La muestra de la Royal Academy of Art, también recibió críticas por izquierda. En una nota publicada por el sitio World Socialist Web Site, “La exposición de arte revolucionaria rusa en Londres extirpa a Trotsky –y, más generalmente, a la verdad histórica”, Paul Mitchell señala también que la curaduría despolitiza la muestra aunque en un sentido inverso, buscando desacreditar la revolución y trazando una línea directa entre Lenin y Stalin. Es por ello que no aparece la figura de Trotsky, figura que no puede ser considerada marginal en la historia de la Revolución rusa y en la lucha contra la burocratización stalinista posterior, pero que además participó activamente en las discusiones artísticas y culturales de ese entonces –como puede verse en su libro Literatura y Revolución–, tanto para reivindicar como para criticar muchas de las ideas y posiciones de los distintos grupos. Para Mitchell, así, la muestra no da cuenta de la verdad histórica, negando el contexto internacional de derrotas de otros procesos revolucionarios y aislamiento de la URSS que sentaron las condiciones para el asentamiento de Stalin y los duros golpes y retrocesos que eso supuso, no solo en el terreno artístico, para los logros de la revolución en la URSS.

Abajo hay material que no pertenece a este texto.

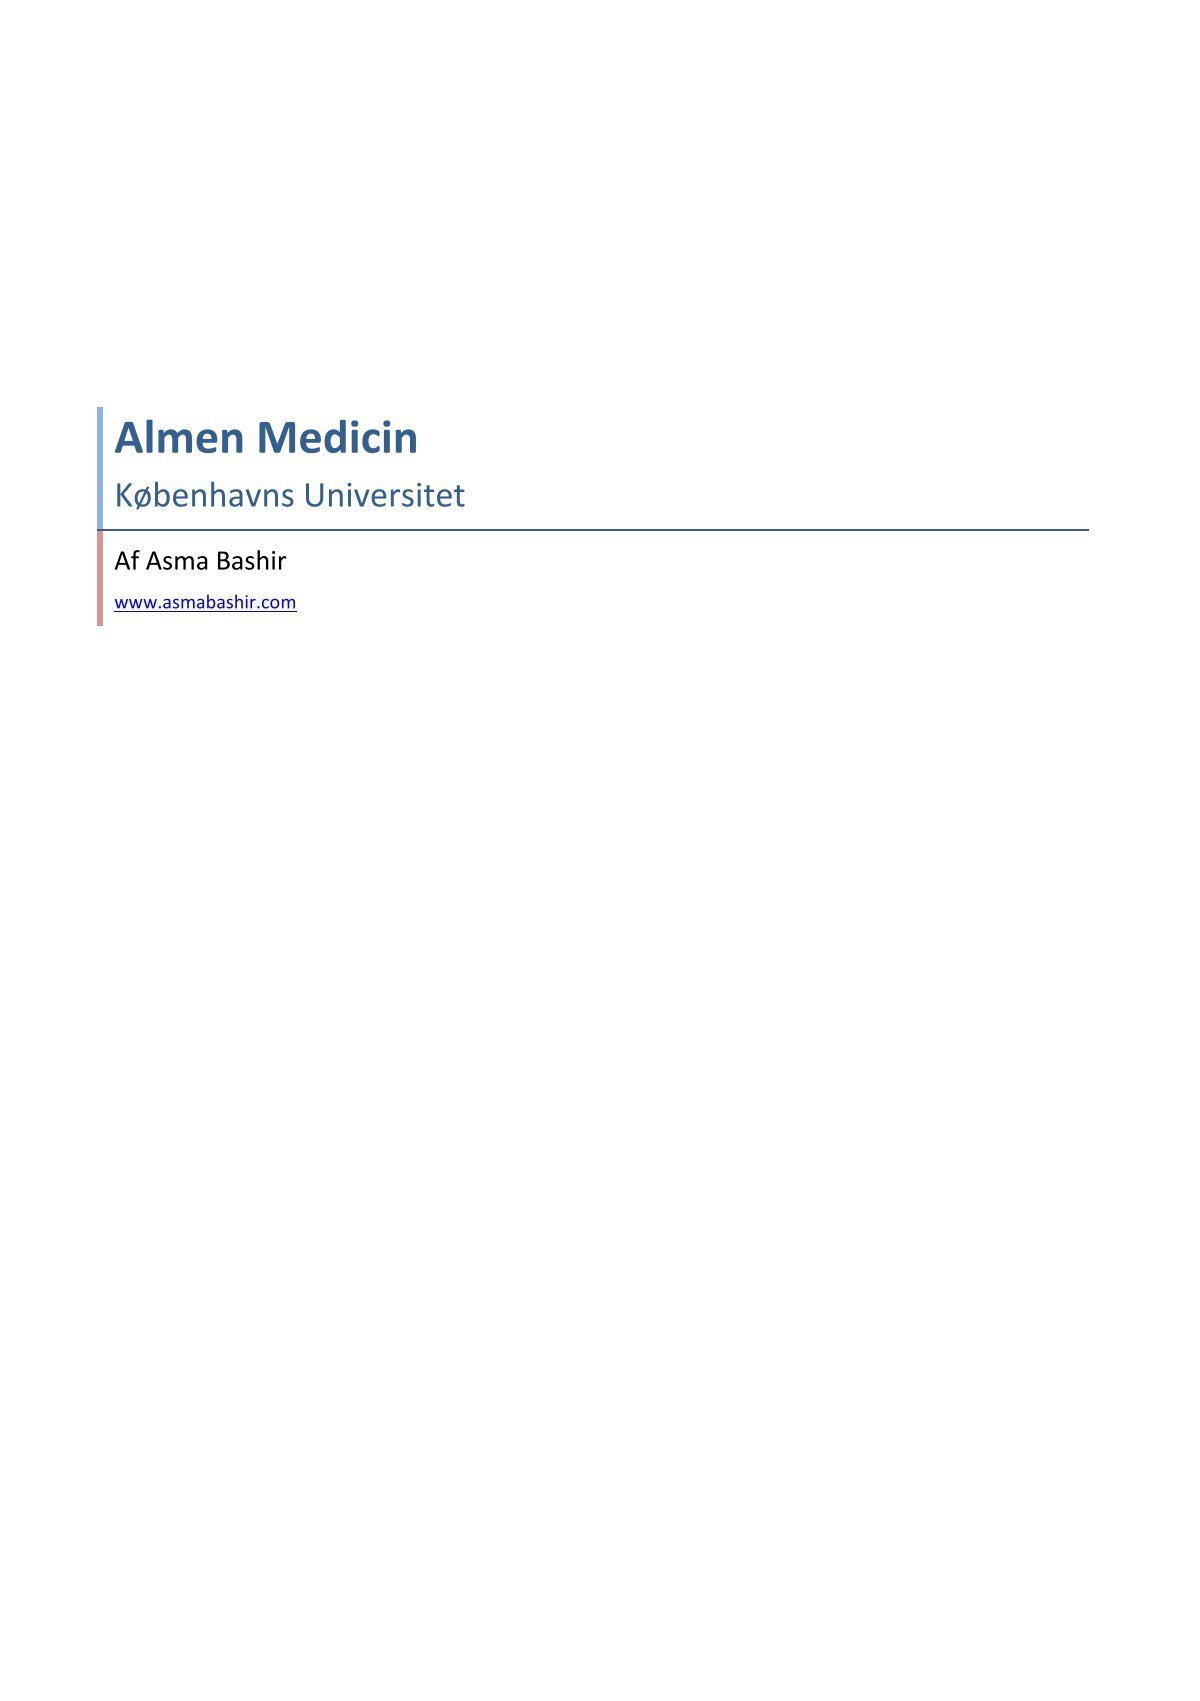 Almen Medicin (2012), Asma Bashir www.asmabashi

Otra de las críticas que recibió por izquierda, fue publicada por el sitio Socialist Worker. Jay Williams, escribió “A pesar de la curaduría, los artistas rusos brillan en la nueva exposición” y, destacando la importancia de las obras exhibidas, pone de manifiesto que a lo largo de la exposición la clase obrera rara vez se la muestra de manera activa, resaltando la idea que la revolución lleva a la represión posterior.

Lo que sin duda puede afirmarse es que la relación entre arte y política planteada por las vanguardias sigue siendo problemática para instituciones como los museos, incluso cuando pueden ser también para ellos un nicho a explotar. Más aún en el caso de las vanguardias soviéticas, que fueron de las más radicales en cuestionar los mecanismos e intereses que hay por detrás de los intentos de legitimación de un arte separado de la vida. ¿Cómo podrían, sin cuestionarse a sí mismos, mostrar lo revulsivo de estas experiencias artísticas que llamaban a sacar el arte de los museos y llevarlo a las calles?

Si la Revolución de Octubre, con toda su complejidad, fue la que por primera vez cuestionó en la práctica al conjunto de las relaciones sociales que sostienen un sistema capitalista que, entre otras miserias, sigue limitando la producción y el disfrute del arte y la cultura a los mecanismos del mercado y a su propia legitimación como único horizonte posible, la muestra de la Royal Academy of Art de Londres parece oscilar entre tomar la revolución como marco pero a la vez proponer una lectura del “arte ruso” despolitizada, que sus críticas por derecha como por izquierda no hacen más que confirmar.


Carmela Torres

Nació en Gran Buenos Aires en 1987. Militante del PTS y miembro de Contraimagen. Licenciada en Artes Visuales de la UNA y maestranda en Artes Electrónicas de la UNTREF.